CANADIAN MINING PERSPECTIVES: Mining analysts miss mark on predictions

The latest report from ERNST & YOUNG says most mining analysts have missed the mark by repeatedly predicting a shar...



The latest report from ERNST & YOUNG says most mining analysts have missed the mark by repeatedly predicting a sharp decline in metal prices. Here's a summary of what the authors observed:

Contrary to the continued assertions of mining analysts, current metal prices are actually a return to sustainable price levels following an extended period of artificially depressed prices. While analysts are wary of straying too far from the comfort zone of historic averages, the mining companies by their actions are taking a far more realistic view.

There are three underlying reasons for the analysts' errors.

1) Research shows that analysts' short-term metal price forecasts since the beginning of 2005 have been significantly adrift of where prices have actually settled, by anywhere between 20% and 200%. The result? Most mines and mining companies have been materially undervalued.

2) More often than not, significant premiums have been paid over market prices. Over US$100 billion have been spent on the recent takeovers of Falconbridge, Inco, Phelps-Dodge and Alcan, as the key players fight it out for control of low-cost production across the globe.

3) Research shows mining companies that have pursued growth through acquisitions have consistently outperformed those that have chosen to grow organically.

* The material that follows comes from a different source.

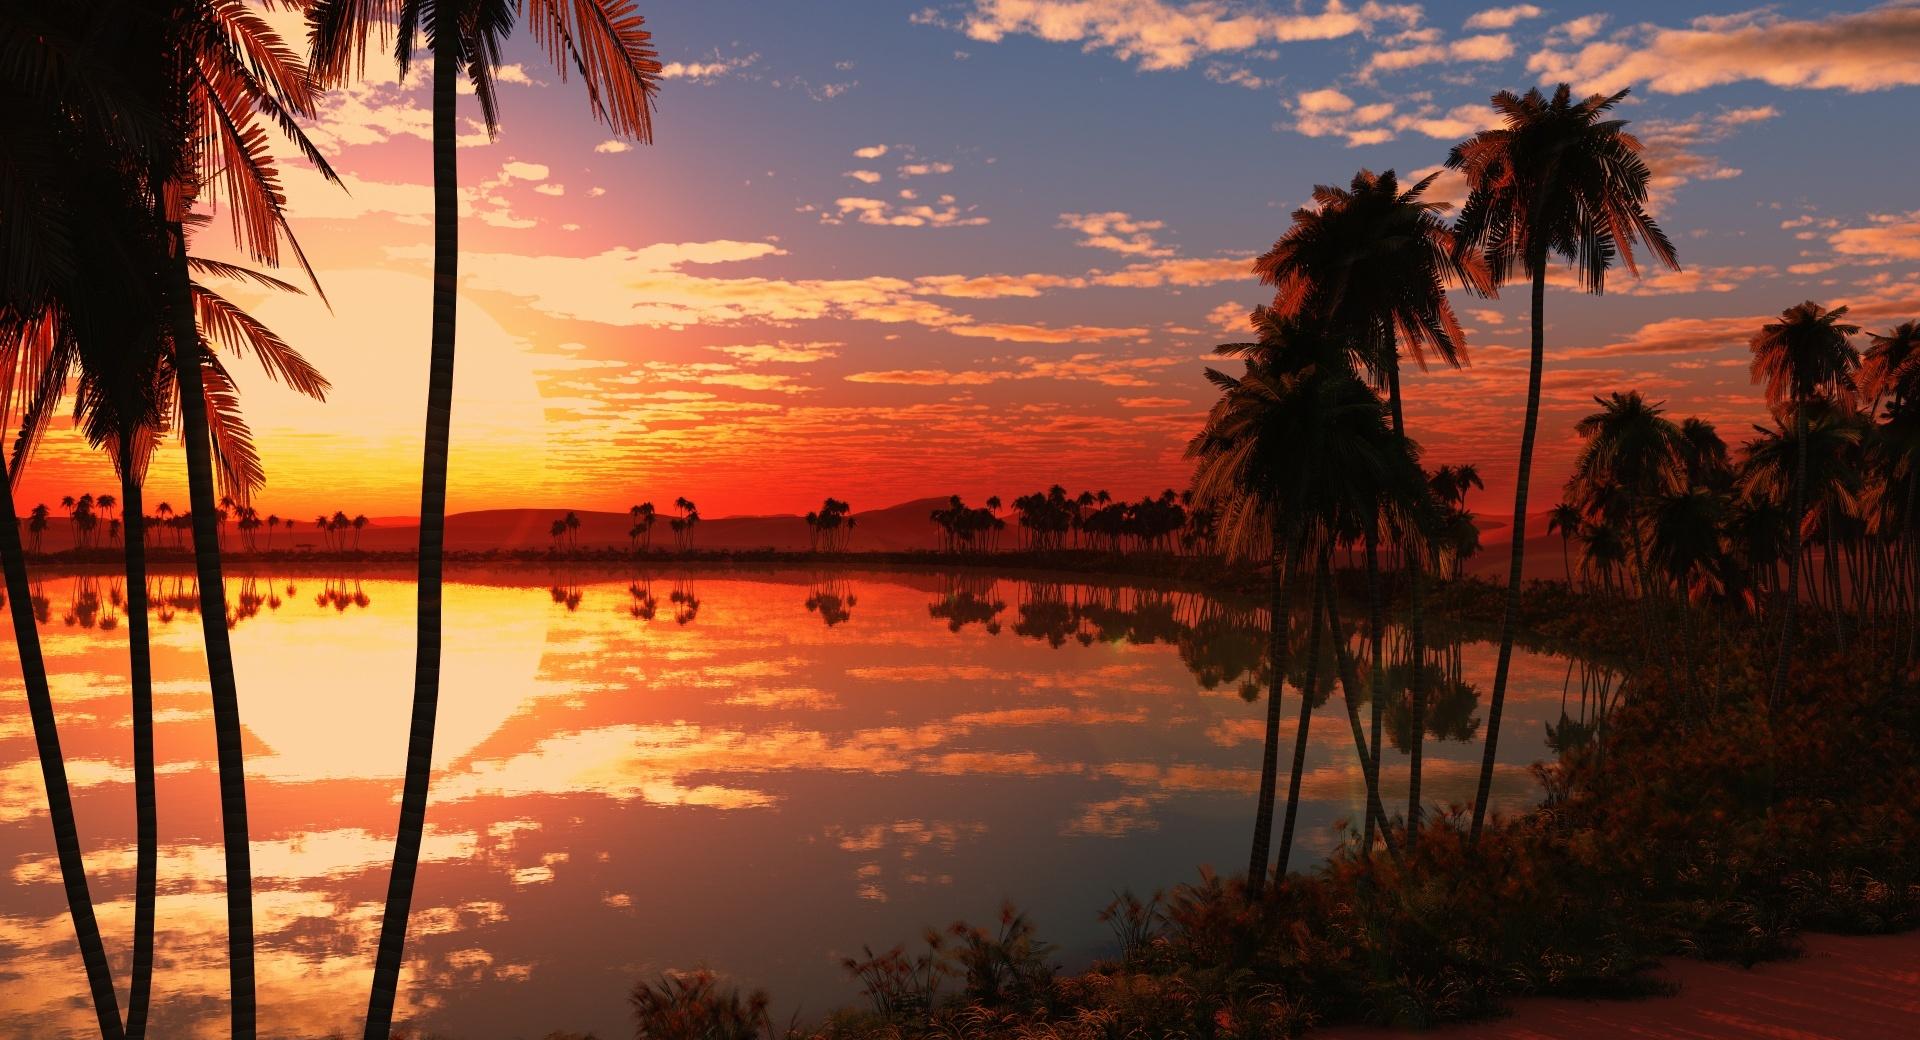 Beautiful Lake Sunset at 1024 x 768 size wallpapers HD quality

The Ernst & Young team studied metal prices over more than a century, highlighting a number of periods that have been interpreted as cycles in the mining industry. The study shows that specific reasons were behind most of these cycles, which are unlikely to be repeated in the near future. For example, weak prices in the 1990s resulted from a collapse of the Soviet Union, triggering the release of 50 years of accumulated stockpiles of minerals alongside a sharp reduction in domestic demand in the CIS. Layered on top of traditionally recognized economic cycles are major developments such as the industrial revolution, the rise of the U.S. economy, the Cold War, the collapse of communism, and, now, the industrialization of China and other emerging markets.